По единственной кольцевой дороге шли и шли окутанные вонючим дымом, заляпанные грязью, пышущие жаром машины. Они везли людей и горючее, стройматериалы и продукты, одежду и обувь. Они спешили на помощь вышкомонтажникам и буровикам, трубоукладчикам и дорожникам, связистам и электрикам, врачам и кулинарам. Машинам было тесно и неудобно на непроходимой в непогоду дороге-времянке. Когда-то она очерчивала границы города. Но со временем тот разросся и перешагнул дорогу, и та оказалась трудно одолимым препятствием и за то не однажды была проклята турмаганцами. В распутицу дорога походила на грязевой поток с глубокими, как рвы, колеями, в которых пузырилась и хлюпала черная жижа.
Однажды Бакутин видел, как из залитой грязью колеи вытаскивали девчушку-школьницу на стреле автокрана.
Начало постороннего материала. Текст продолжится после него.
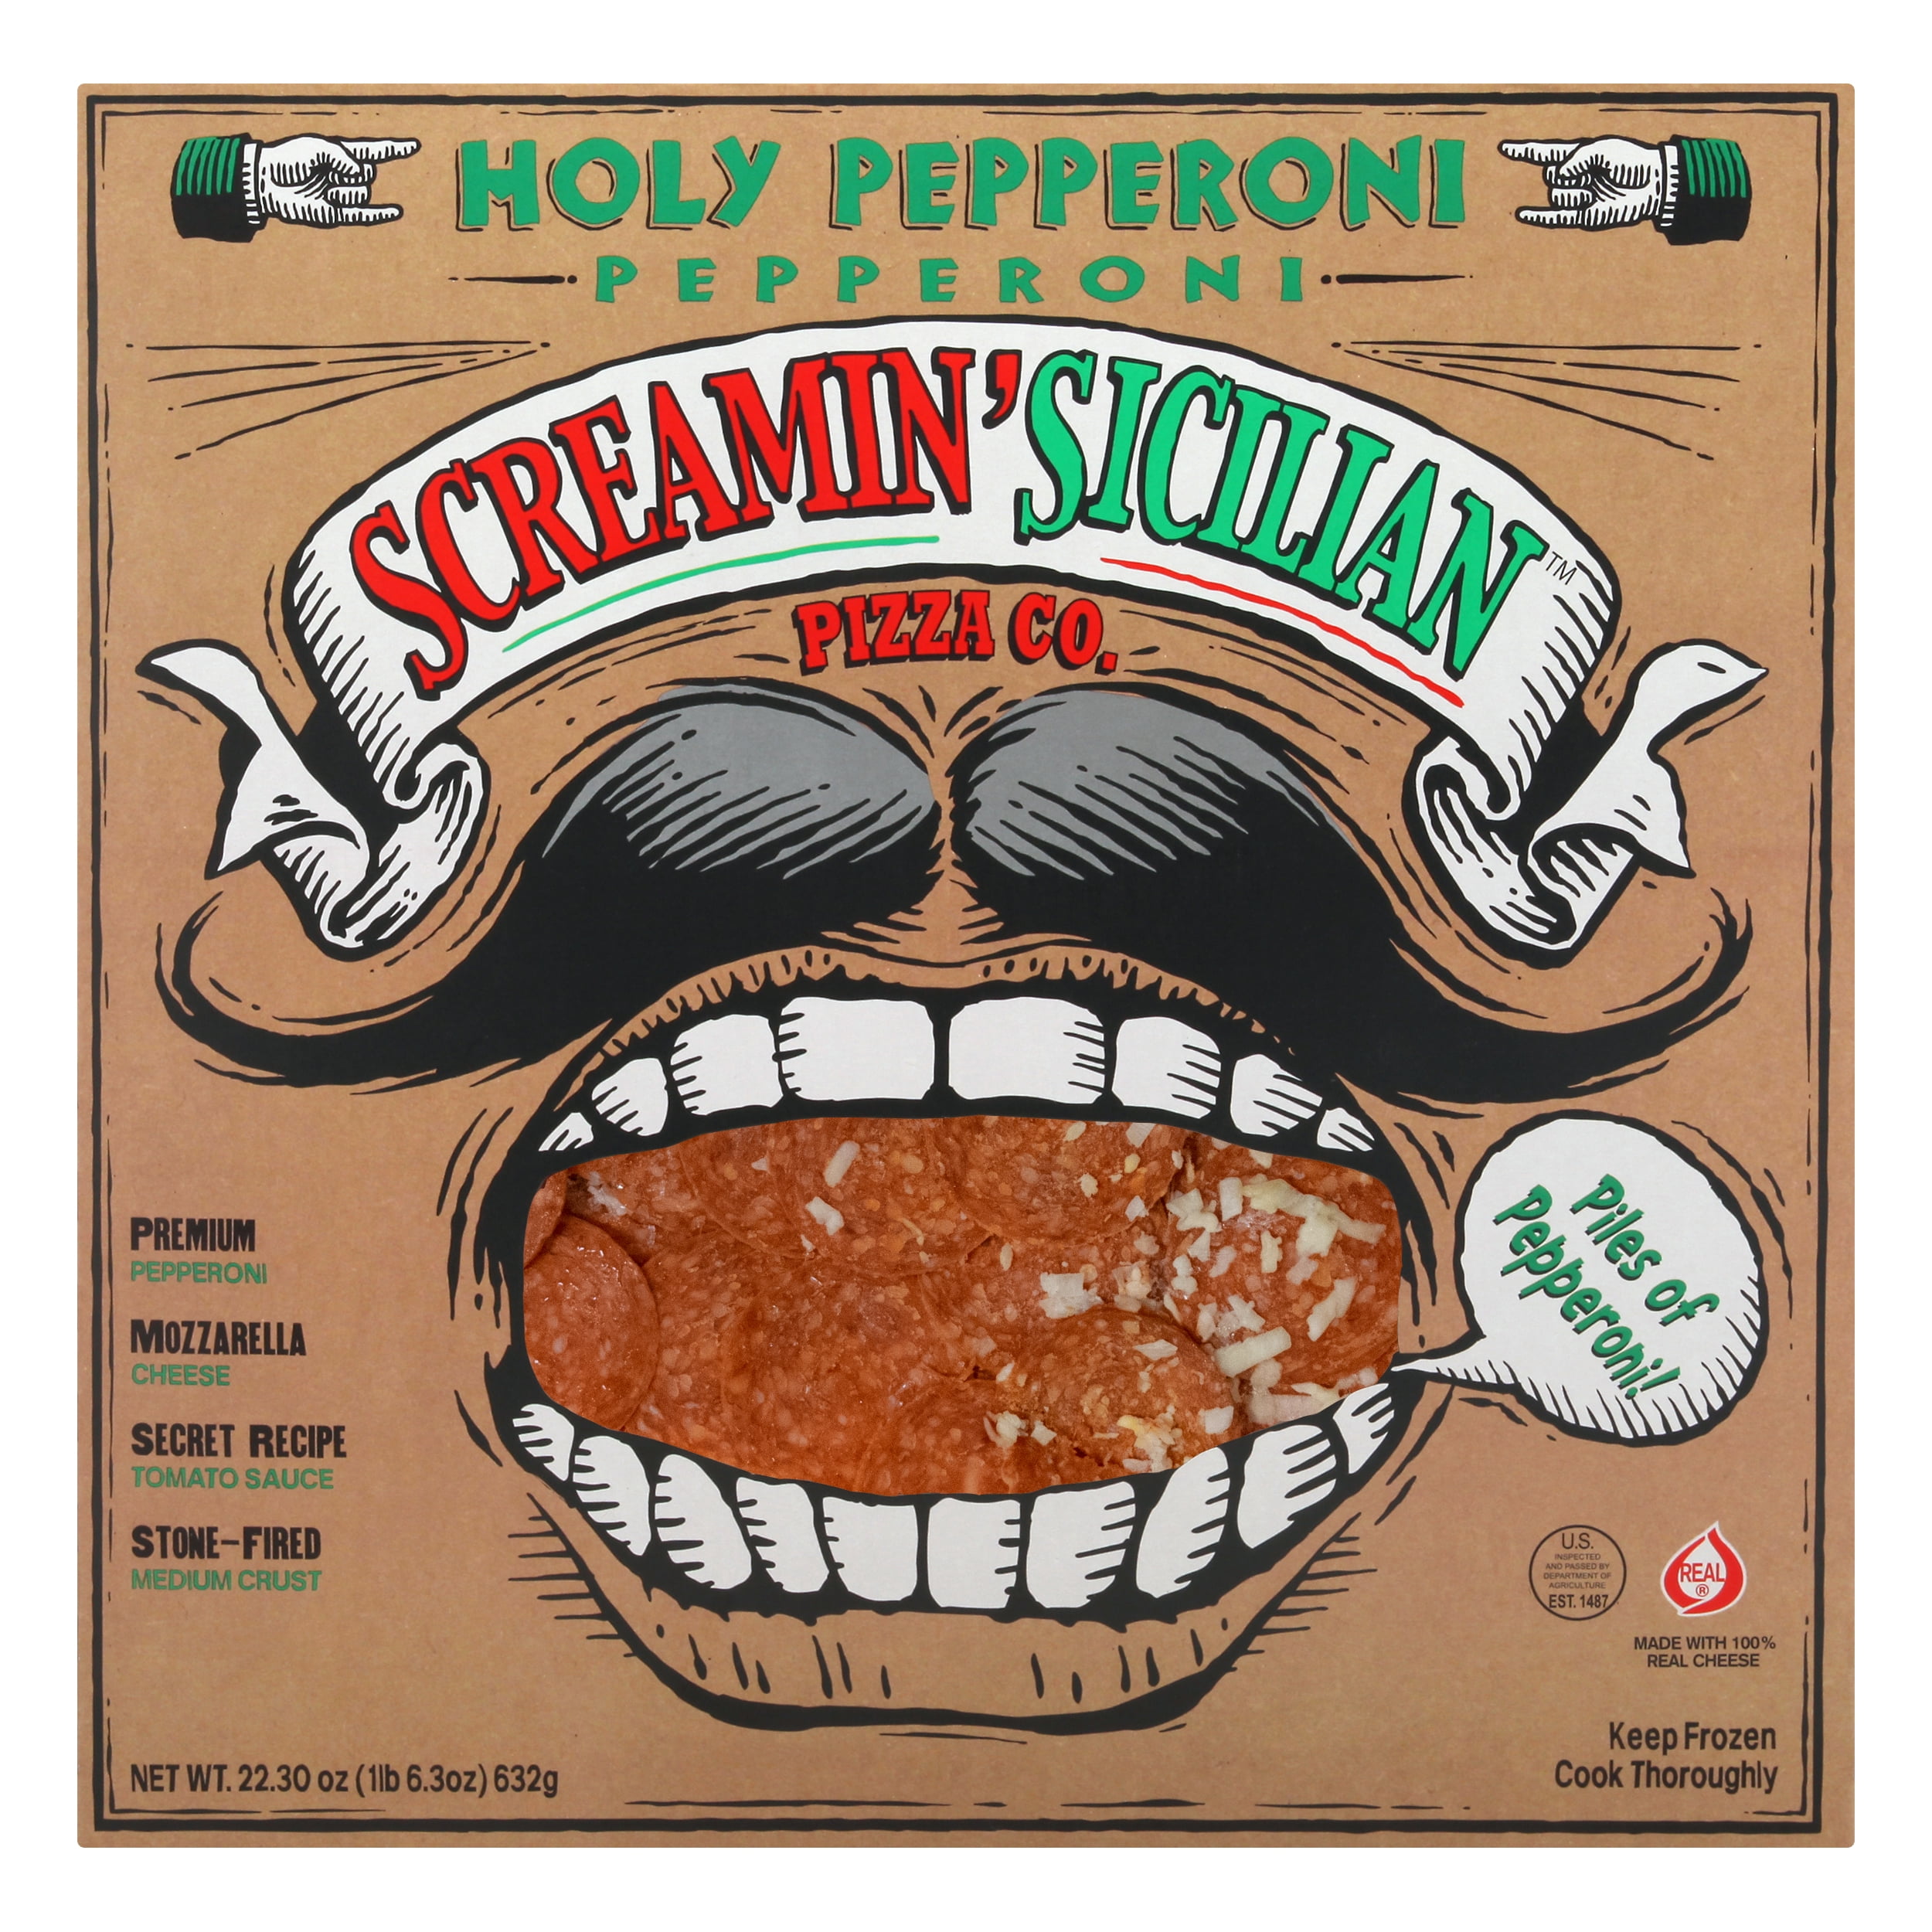 Screamin' Sicilian Original Holy Pepperoni Pizza - Walmart.com - Walmart.com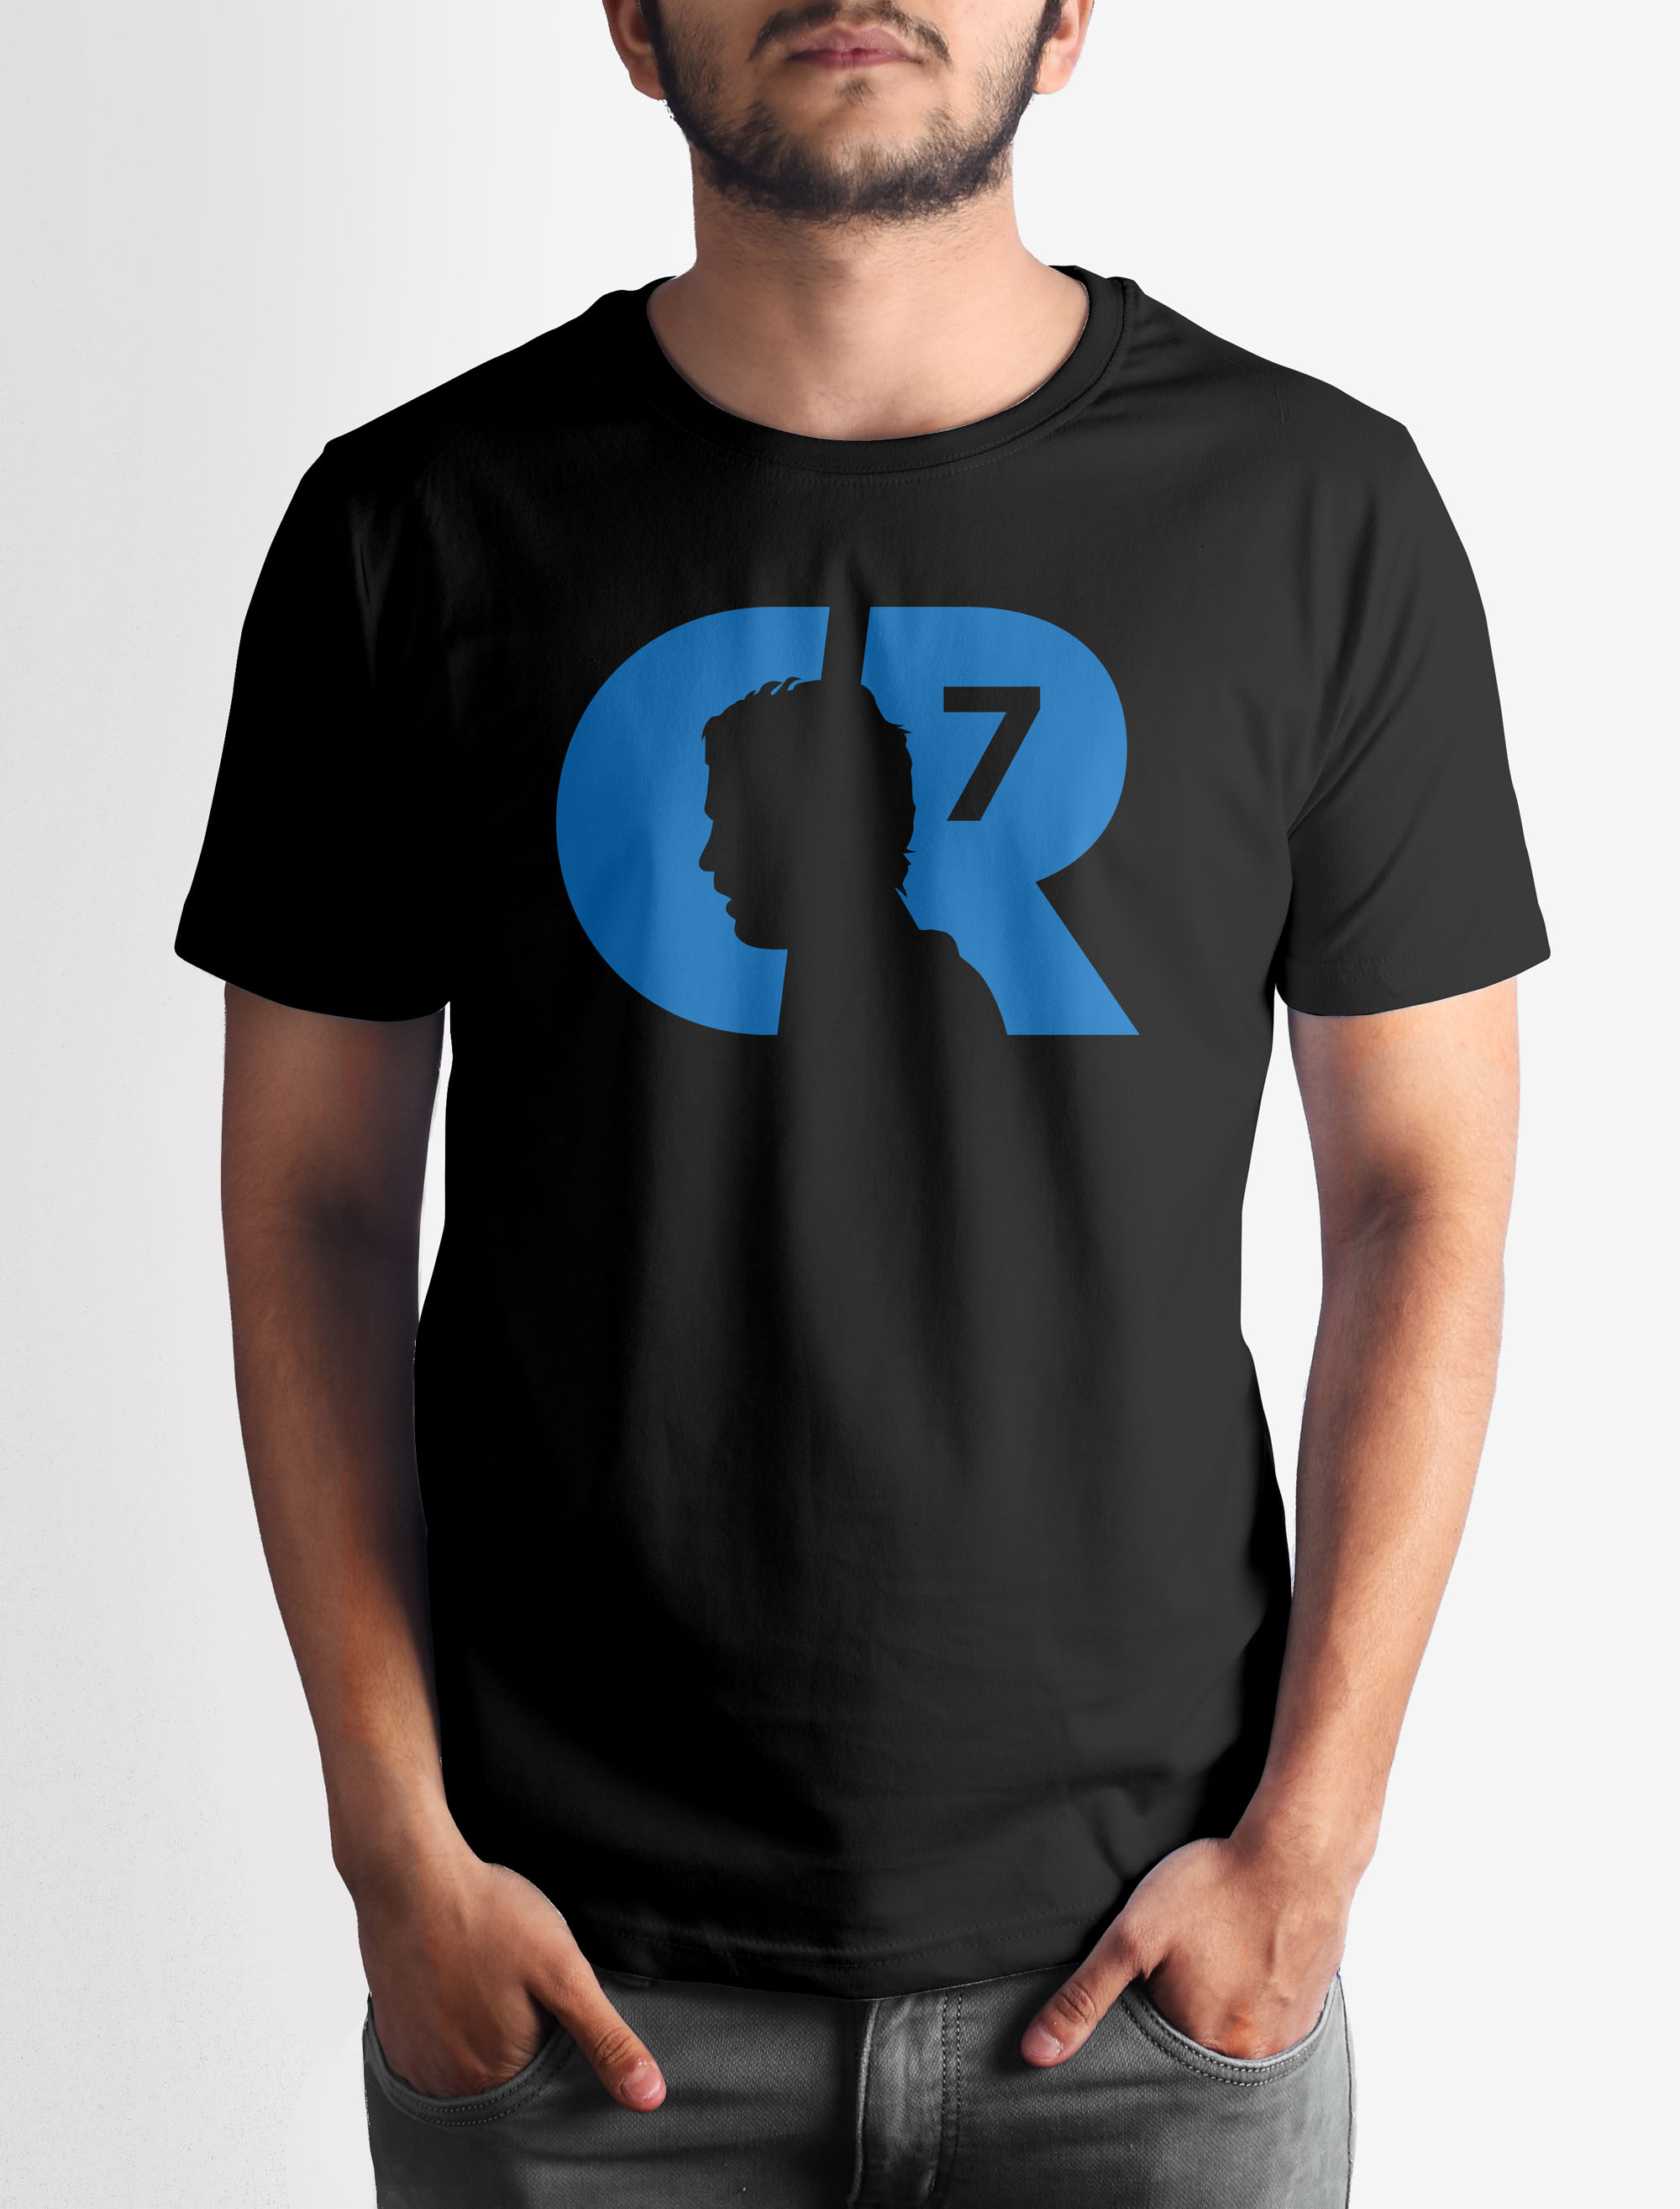 cr7 t shirt india

Непроходимые в ненастье участки дороги то и дело латали бревенчатыми лежневками, опилками или шлаком. Но через несколько дней заплаты эти стирались и снова тысячи машин надрывали чугунные сердца, рвали сцепления, валы и оси, вырываясь из липкого, тягучего месива.
Дорога повисла колодками на ногах подымающегося города. Бакутин с Черкасовым потратили уйму времени и сил на переговоры, переписку, телефонно-телеграфную перебранку, прежде чем заполучили нужные для строительства автострады документы, бетонные плиты, гравий и деньги. Огромные деньги! Каждый километр бетонки стоил полтора миллиона рублей.
Начальник единственного в Турмагане дорожного СУ (строительного управления) встретил эту победную весть обидно скептической ухмылкой.
– Пустая затея, – уныло вымолвил он.
– То есть? – встопорщился Бакутин.
– Нельзя ли поконкретней, – строго выговорил Черкасов.
– Пожалуйста, – снизошел дорожник. – Чтоб эти рубли и материалы превратить в дорогу, надо сперва провести выторфовку трассы: вырыть пятикилометровую траншею шириной шесть метров, глубиной – двенадцать. Вывезти полмиллиона кубов торфяника. Вместо него – добрый грунт, гравий, песок и уж потом плиты. Если мы бросим все другие дела… – вздохнул, шевельнул плечами. – Лет за десять выстроим.
– За десять?! – изумился Черкасов.
– Н-ну… Плюс-минус год… – уточнил равнодушно дорожник.
Поправив дужку очков на переносице, Черкасов поднялся, прошелся по кабинету. Остановясь перед смущенно привставшим начальником дорстроя, пристально вгляделся в него.
– И никакого выхода?
– С нашими силами – никакого!
– Вот сюрприз – головой вниз! – Снял очки, покрутил, нацепил на место. – Завтра сюда караван с гравием. Еле выбили. С Урала до Туровска поездом. Оттуда тыщу верст по воде. Фантастические усилия и средства. М-да… Это же… Хм!.. И песок нашли рядышком… А? Что скажешь?
Вопрос адресовался Бакутину.
– Что значит нельзя, если надо? – спросил Бакутин и ринулся на дорожника: – Сидишь тут, как Багдыхан, ни головой, ни руками. Мы целый год лбом стенку прошибали, а ты ни прямо, ни в обход – ни вплавь, ни в брод. Огородился объективными причинами – и брюшко на солнышко. Чинодральство! Бюрократия высшей пробы!
– Умная голова не швыряет зря слова! – тоже вскипел дорожник. Вскочил, нервно одернул полы пиджака. – Чужими руками все легко и просто. У меня в СУ вместо шести экскаваторов – два и те полуторакубовые, из восьми списочных бульдозеров – четыре на ходу…
– С того бы и начинал! – загремел Бакутин. – Вывеска – крик, а за вывеской – фиг? Ни оснастки, ни колес. Навеса не можешь себе построить. Техника под открытым небом. Чертовы временщики!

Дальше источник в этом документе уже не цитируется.